When penicillin was introduced in 1944 over 94% of Staphylococcus aureus isolates were susceptible; by 1950 half were resistant. By 1960 many hospitals had outbreaks of virulent multi-resistant S. aureus. These were overcome with penicillinase-stable penicillins, but victory was brief; methicillin-resistant S. aureus (MRSA) were recorded in the year of the drug's launch. MRSA owe their behaviour to an additional, penicillin-resistant peptidoglycan transpeptidase, PBP-2′, encoded by mecA. Their spread is clonal, with transfer of mecA being extremely rare. MRSA accumulated and then declined in the 1960s and 1970s, but became re-established in the early 1980s. Some early MRSA strains were colonists rather than invaders and the proportion of MRSA among S. aureus bacteraemias in England remained under 3% until 1992. However, this proportion rose to 34–37% by 1998–1999, reflecting the dissemination of two new epidemic strains, EMRSA 15 and 16. These may be more virulent than earlier MRSA, or their success may reflect changing hospital practice. Until 1996, glycopeptides were universally active against S. aureus; then glycopeptide-intermediate S. aureus (GISA) were found in Japan, France, and the USA. This resistance is associated with increased wall synthesis. Coagulase-negative staphylococci (CNS) are less pathogenic than S. aureus but are important in line-associated bacteraemias and prosthetic device infections. They are even more often resistant than S. aureus, notably to teicoplanin. Few anti-staphylococcal agents were launched from 1970 to 1995, but the situation is now improving. Dalfopristin/quinupristin inhibits virtually all S. aureus, although its bactericidal activity is impaired against strains with constitutive MLSB-type resistance; other new agents are in advanced development.

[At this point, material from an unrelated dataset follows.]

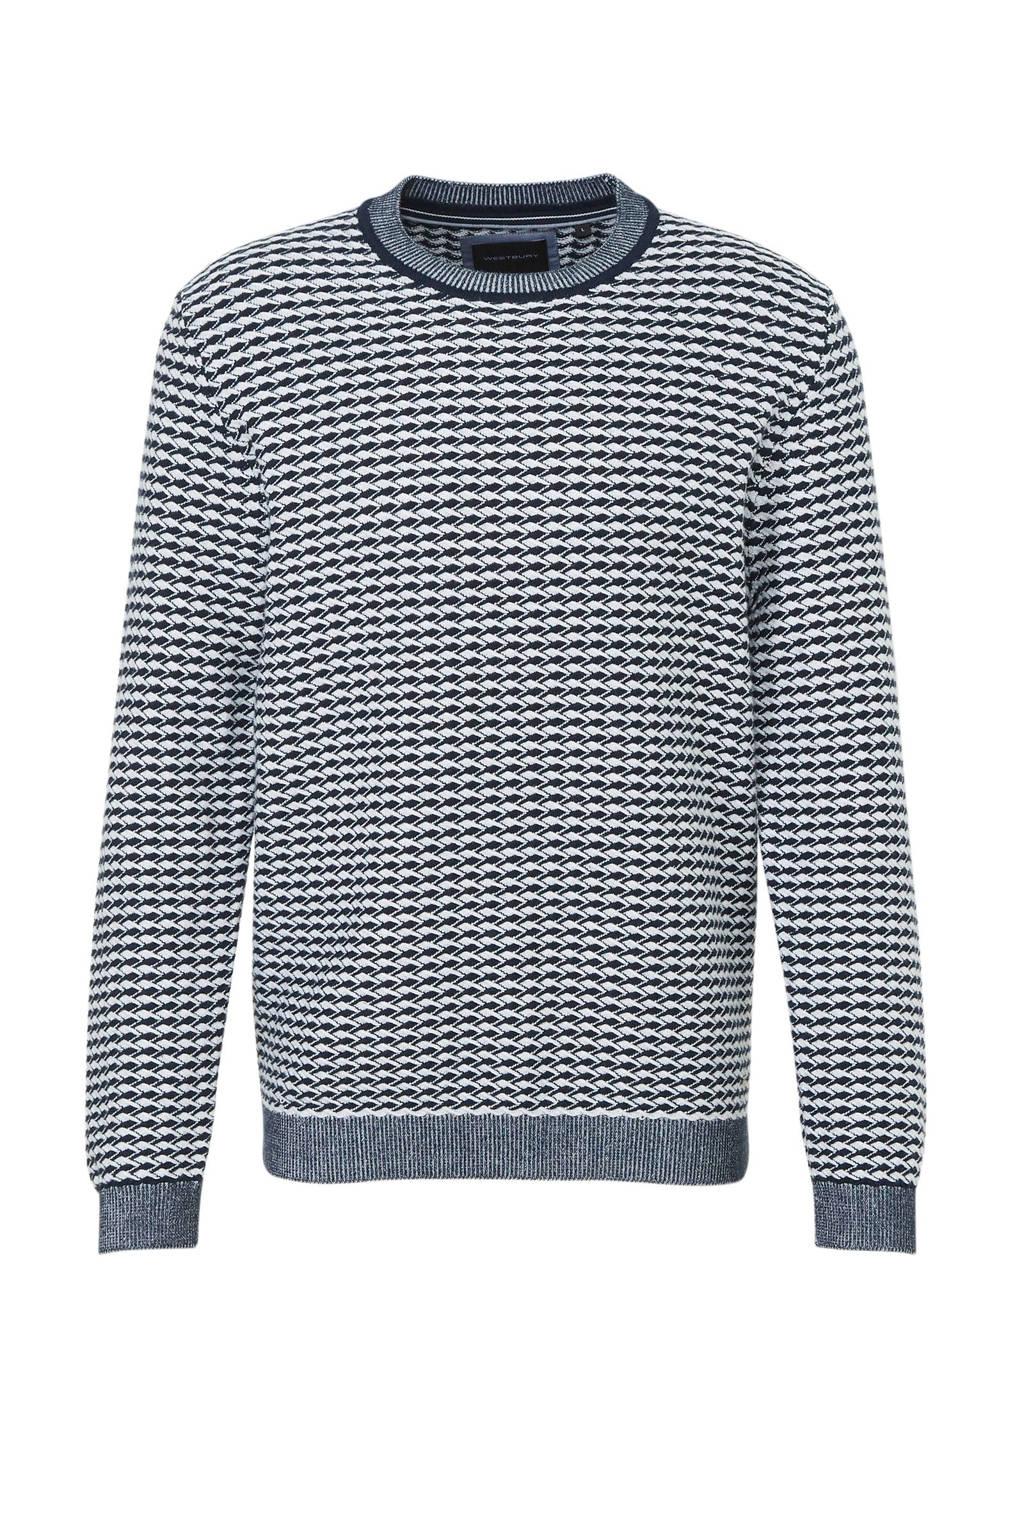 C&A gebreide trui met all over print blauw/wit, Blauw/wit

New agents give a renewed opportunity for control, but S. aureus is a resilient foe, able to regain its importance if drugs are used profligately or if hygiene is slackened.

Introduction

Staphylococci are inherently susceptible to most antibiotics except those with purely anti-Gram-negative spectra. Nevertheless, staphylococci remain frequent causes of morbidity and mortality, having proved extremely adept at developing resistance, both by mutation and by DNA transfer. Staphylococcus aureus is a classical pathogen, causing infections at many sites [1], [2]. Skin and soft tissue infections are frequent and range from minor eruptions through infected ulcers and cellulitis to severe impetigo. S. aureus is also a frequent invader of surgical and other wounds, sometimes leading to sepsis. In England and Wales, it is the second most common cause of bacteraemias after Escherichia coli, accounting for circa 20% of cases [3]. Staphylococcal bone and joint infections can arise through contamination in orthopaedic surgery, and S. aureus is the most common pathogen in this setting. Other surgical sites can be invaded too: S. aureus is one of the more common causes of prosthetic valve endocarditis and an occasional agent of post-neurosurgical meningitis; native valve endocarditis also can arise, mostly among intravenous narcotic abusers. S. aureus is an infrequent but serious cause of pneumonia, mostly in debilitated patients on ventilators, or following influenza [1], [2]. Some strains produce one or more enterotoxin, which cause severe diarrhoea if contaminated food is eaten. Despite its pathogenicity, S. aureus is also carried innocuously by ca. 30% of the population, usually on the moist skin in the nose, axillae and perineum [4]. It survives well on drier skin and inanimate surfaces facilitating cross-colonisation and -infection.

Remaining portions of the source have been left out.